Unless she can suck start a John Deere, it's time to put some boot prints on her behind if your account of things is at all accurate.


----------



## tulsy (Nov 30, 2012)

Rowan said:


> Because, so far, he's really done nothing to make her think otherwise. She probably just takes it as a given that he'll finance her life and be cool with whatever she wants to do. He seems to have been doing that for at least a couple of years now. *It probably hadn't occurred to her that there might be limits on what, so far, seems to have been a rather enabling and limitless sort of arrangement. And even now, he's wavering on cutting her loose - pacing and sweating and anxious and thinking. So, obviously, there's at least some chance he might have put up whatever she's got on tap this time.*
> 
> In short, *she's completely taking him - and their relationship - for granted*.


THIS ^^ :iagree:

Thanks


----------



## alphaomega (Nov 7, 2010)

I get annoyed at the term "investment" in a relationship.

It's really not accurate.

It's more like a test drive. He was lucky enough to test drive that model for five years until he realized its not a good purchase.


----------



## Nucking Futs (Apr 8, 2013)

So far it's unanimous. He needs to tell her to GTFO. It's not like he can't replace her with a better prospect, it'd be difficult to find worse.


----------



## alphaomega (Nov 7, 2010)

And speaking of investments...

Do not lend her money!

Your bro needs to stop thinking with his white knight shining armor d(ck!

That investment, since he used that term....is a sub-sub-sub-prime risk! No bank would touch that loan, so why would he?

Don't mix money with acts of service.


----------



## alphaomega (Nov 7, 2010)

If he's going to toss away that much cash, he may as well spend it on a high class escort, and a really fun night at a casino.

With the escort, he's guaranteed to get some action. 

Trying to buy snatch from his girlfriend is, at best, a 50/50 chance of getting laid.


----------



## tulsy (Nov 30, 2012)

Cletus said:


> Unless she can suck start a John Deere, it's time to put some boot prints on her behind if your account of things is at all accurate.


Ummm...
Apparently, she can...something about a golf ball and a garden hose? 
He told me about her skill in that department when they first got together...it literally blew his mind how good she was at it. 

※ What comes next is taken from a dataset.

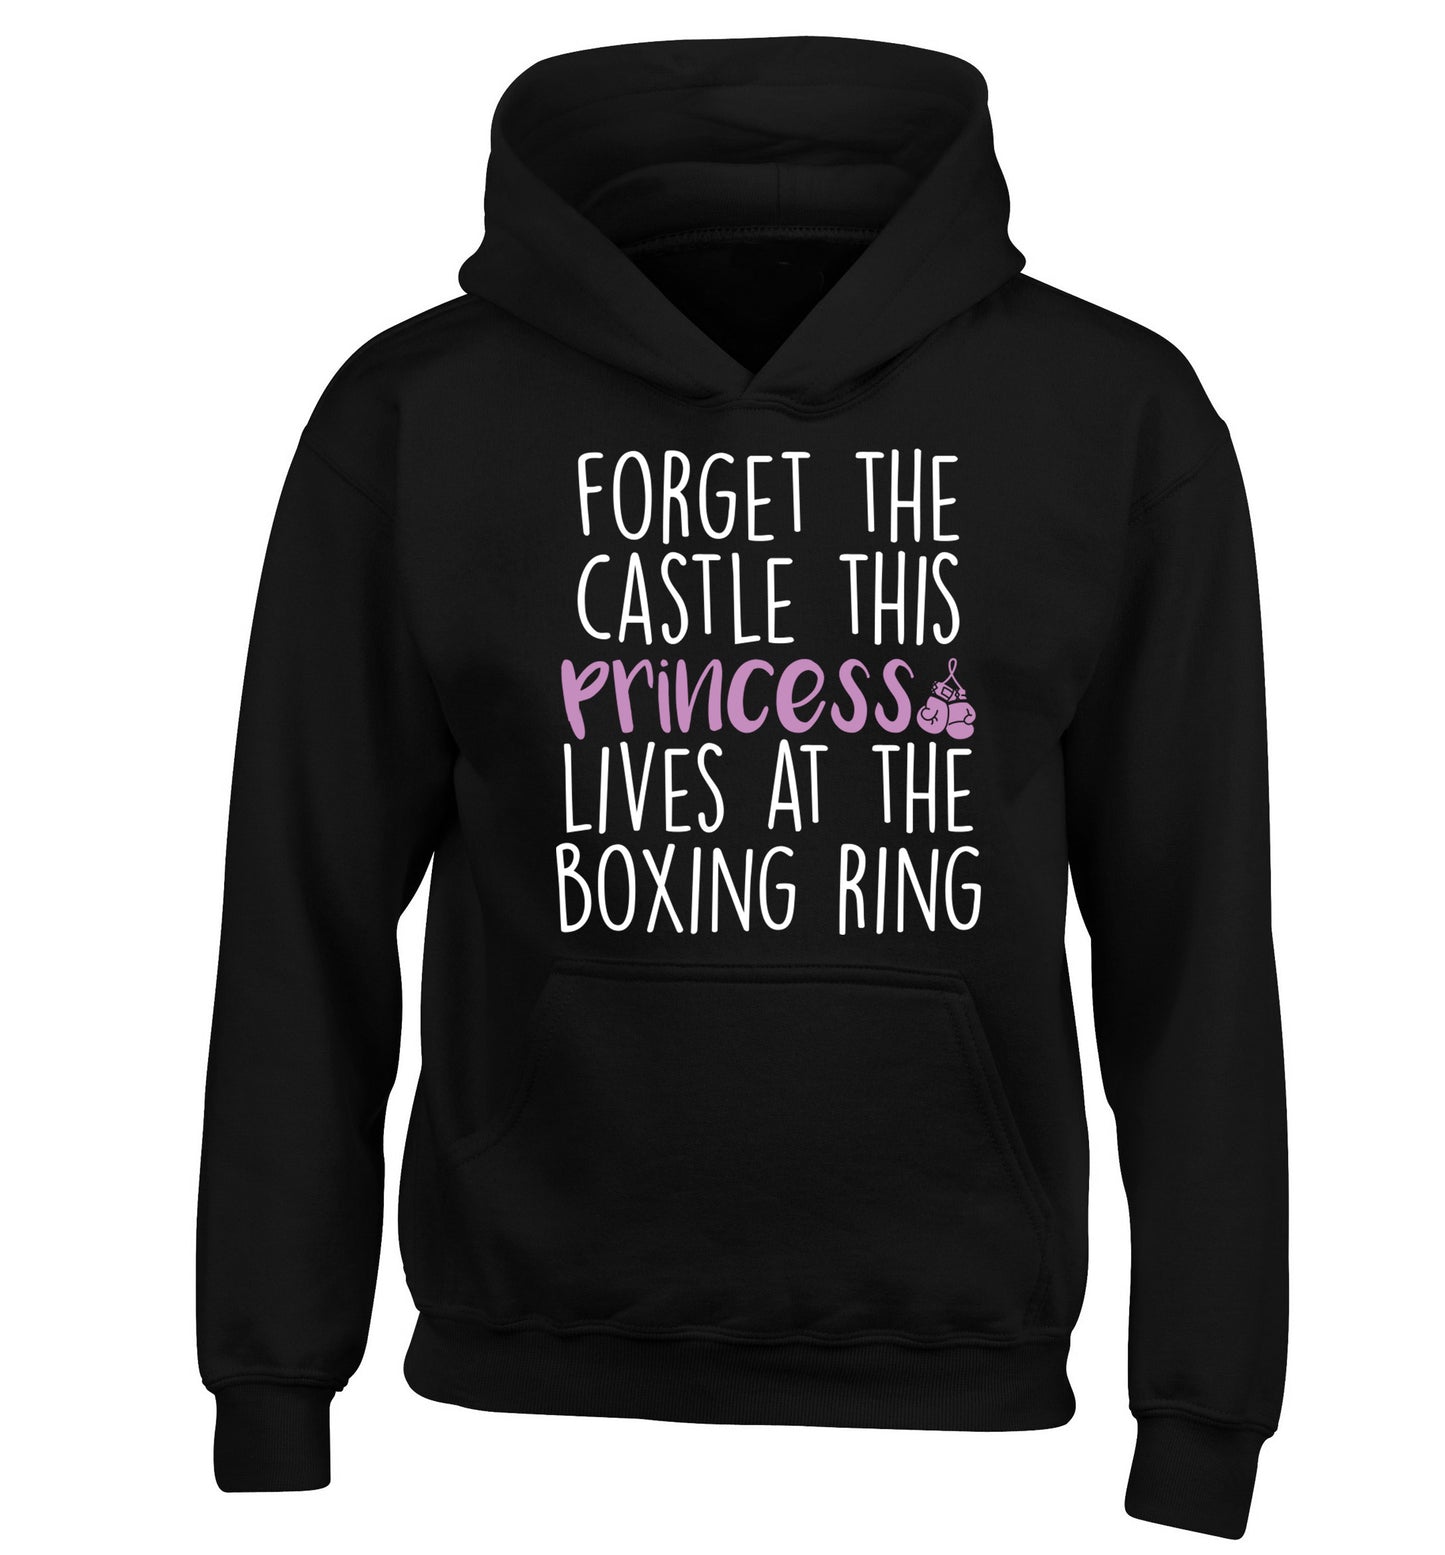 Forget the castle this princess lives at the boxing ring children's black hoodie 12-14 Years

I think as far as BJs are concerned, she could write a book, but I don't know when the last time he received the pleasure was. I don't think it matters too much at this point though....the rest of the relationship sucks pretty bad right now, and he said it's been bad for months.


----------



## Jung_admirer (Jun 26, 2013)

While she is at the Superbowl Party, pack her stuff and drop it off at her parents' house. Change the locks and go a a friend's house to watch the game. When the game ends, send her a text that her parent's are expecting her.

Tolerate no disrespect Brother...


----------



## tulsy (Nov 30, 2012)

alphaomega said:


> If he's going to toss away that much cash, he may as well spend it on a high class escort, and a really fun night at a casino.
> 
> With the escort, he's guaranteed to get some action.
> 
> Trying to buy snatch from his girlfriend is, at best, a 50/50 chance of getting laid.


Agreed. I hope he doesn't give her that loan.

"Getting some" is the furthest thing from his radar at the moment. He's texting me right now...says gonna call me soon with an update....I'll post what transpired


----------



## tulsy (Nov 30, 2012)

Jung_admirer said:


> *While she is at the Superbowl Party, pack her stuff and drop it off at her parent's house. Change the locks* and go a a friend's house to watch the game. When the game ends, send her a text informing her that her parent's are expecting her.
> 
> Tolerate no disrespect Brother...


That's what I suggested too. Thanks bro.


----------



## MachoMcCoy (Oct 20, 2014)

tulsy said:


> - She's claiming to be bored all the time.
> - She started going to the gym a lot.
> - She's going on lavish spa and chalet "girls weekends",
> 
> ...


Give me BAD odds and I'll bet a lot that she has a new boyfriend by Valentines day. If she doesn't already.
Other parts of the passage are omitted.